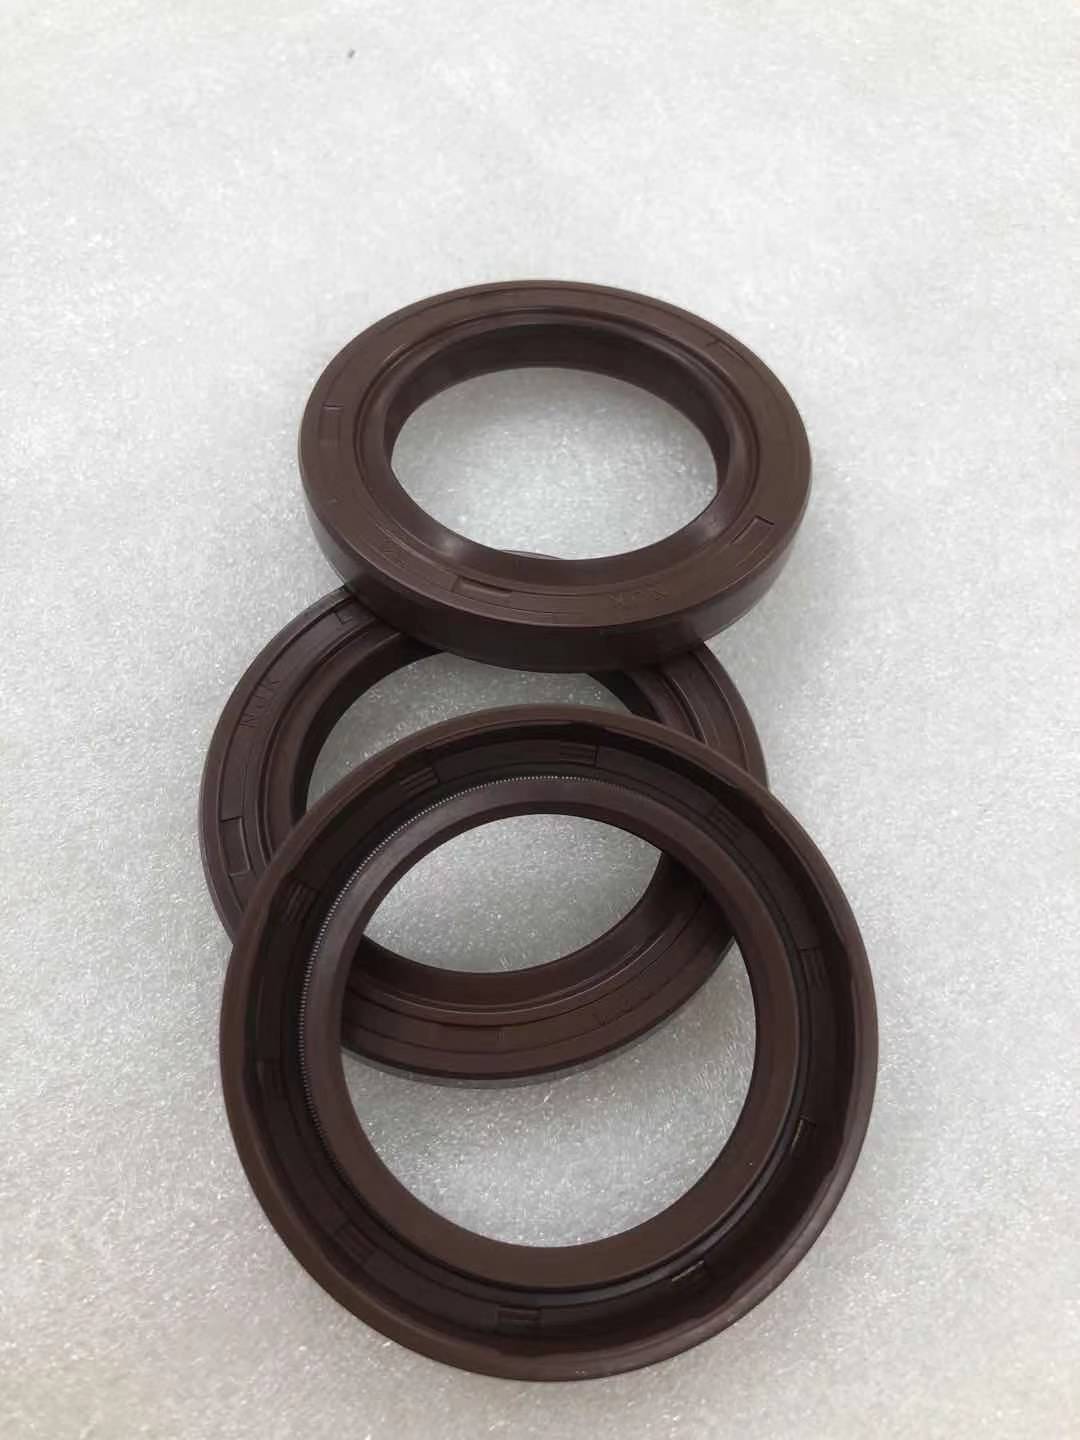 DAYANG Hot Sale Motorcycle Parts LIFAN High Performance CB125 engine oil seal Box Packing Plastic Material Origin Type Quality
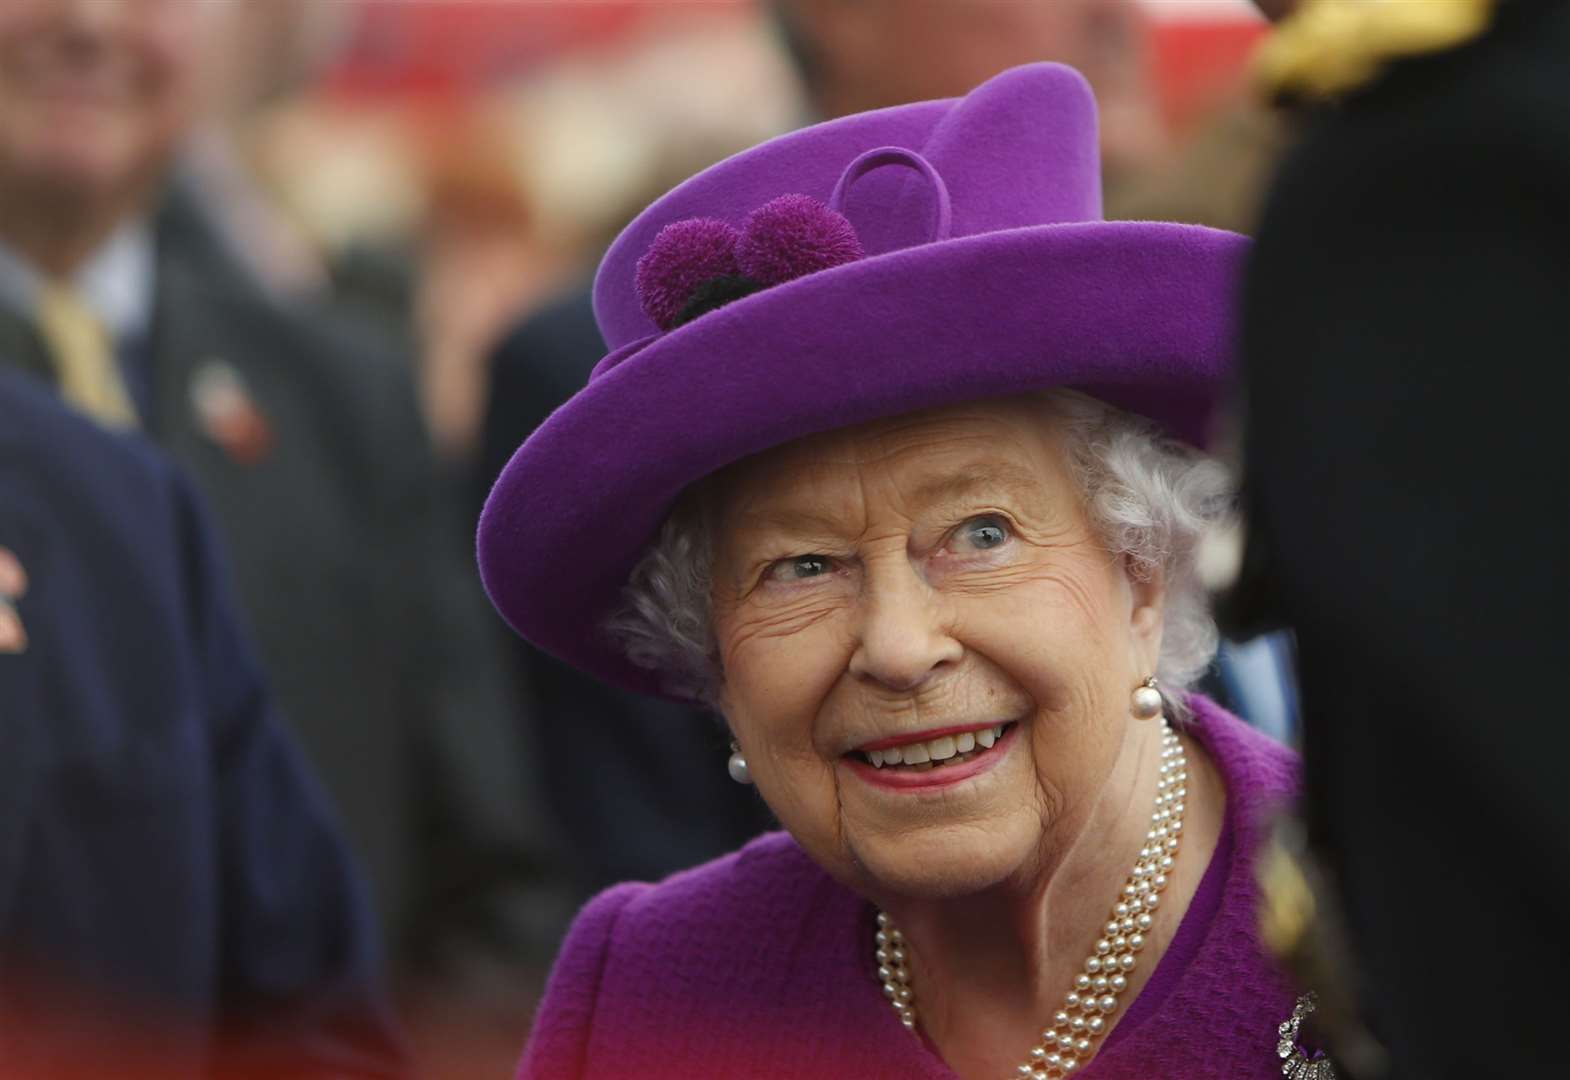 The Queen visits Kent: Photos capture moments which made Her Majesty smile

---

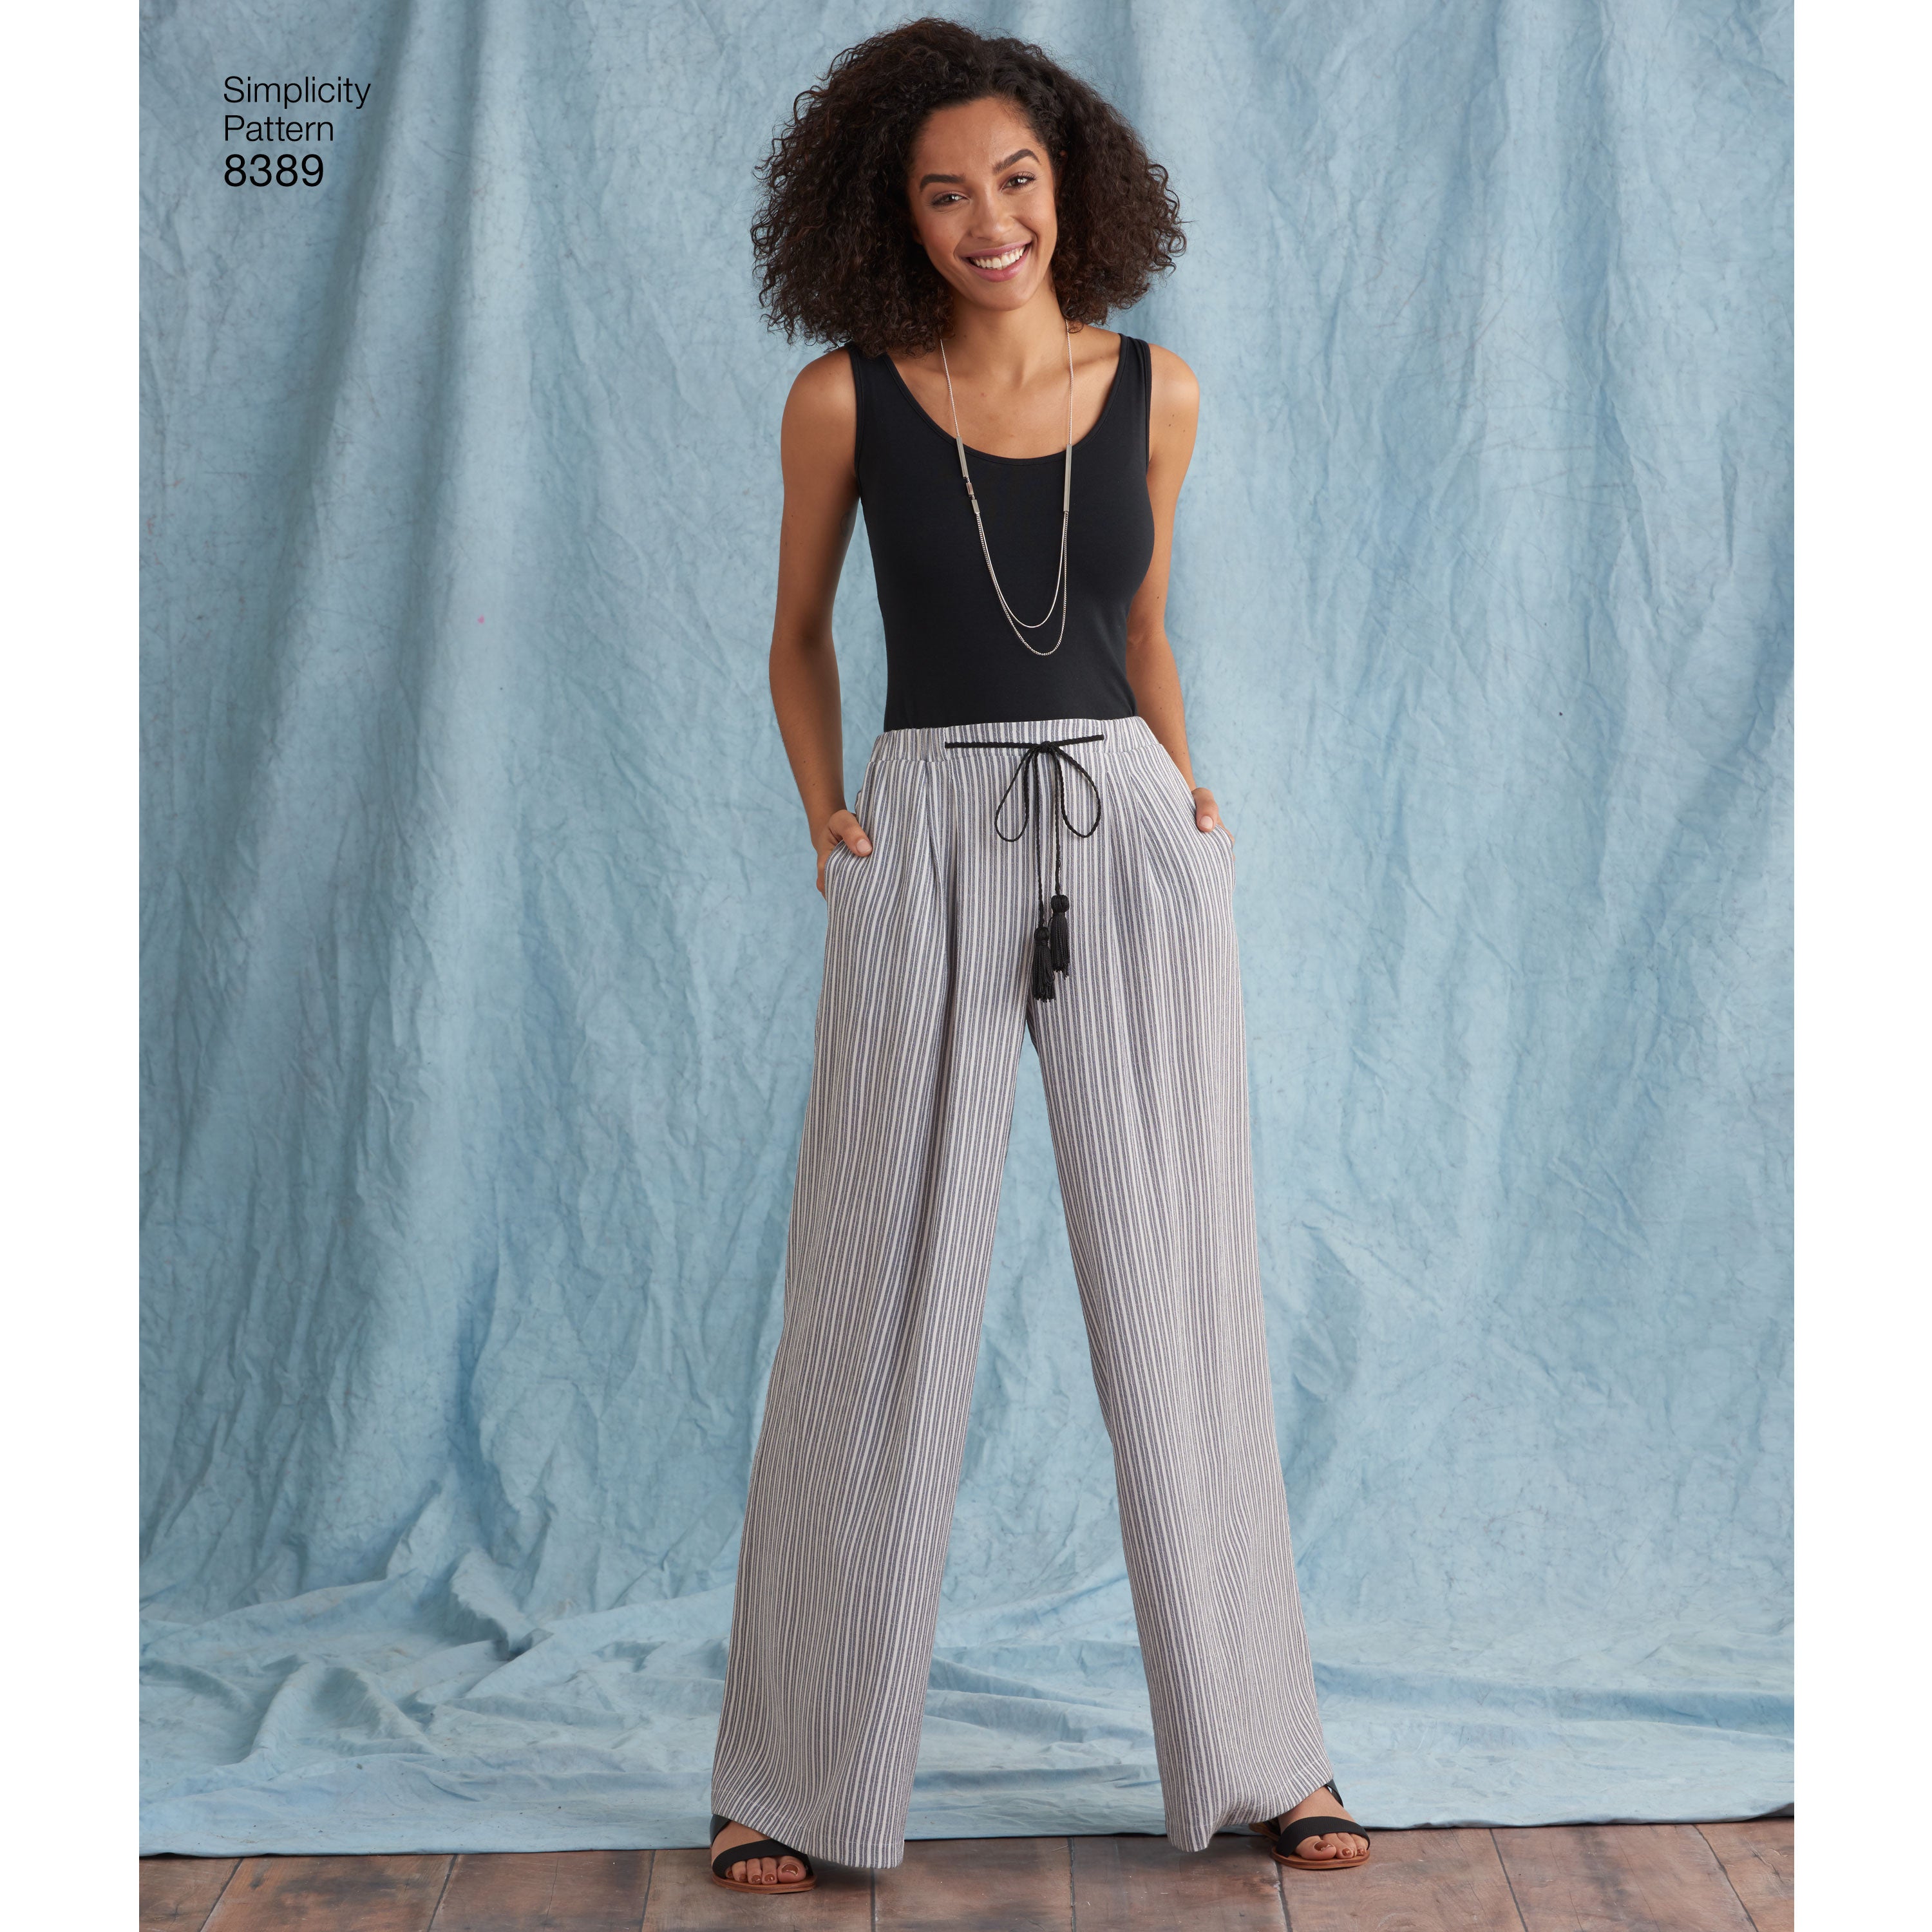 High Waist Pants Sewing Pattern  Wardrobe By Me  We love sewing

▶ [Requirement]
Would you copy the lines above exactly, starting with the one that has "DAYANG Hot Sale" and ending with the one that has "The Queen visits", both included, without the pictures?

▶ [Your response]
 DAYANG Hot Sale Motorcycle Parts LIFAN High Performance CB125 engine oil seal Box Packing Plastic Material Origin Type Quality
 The Queen visits Kent: Photos capture moments which made Her Majesty smile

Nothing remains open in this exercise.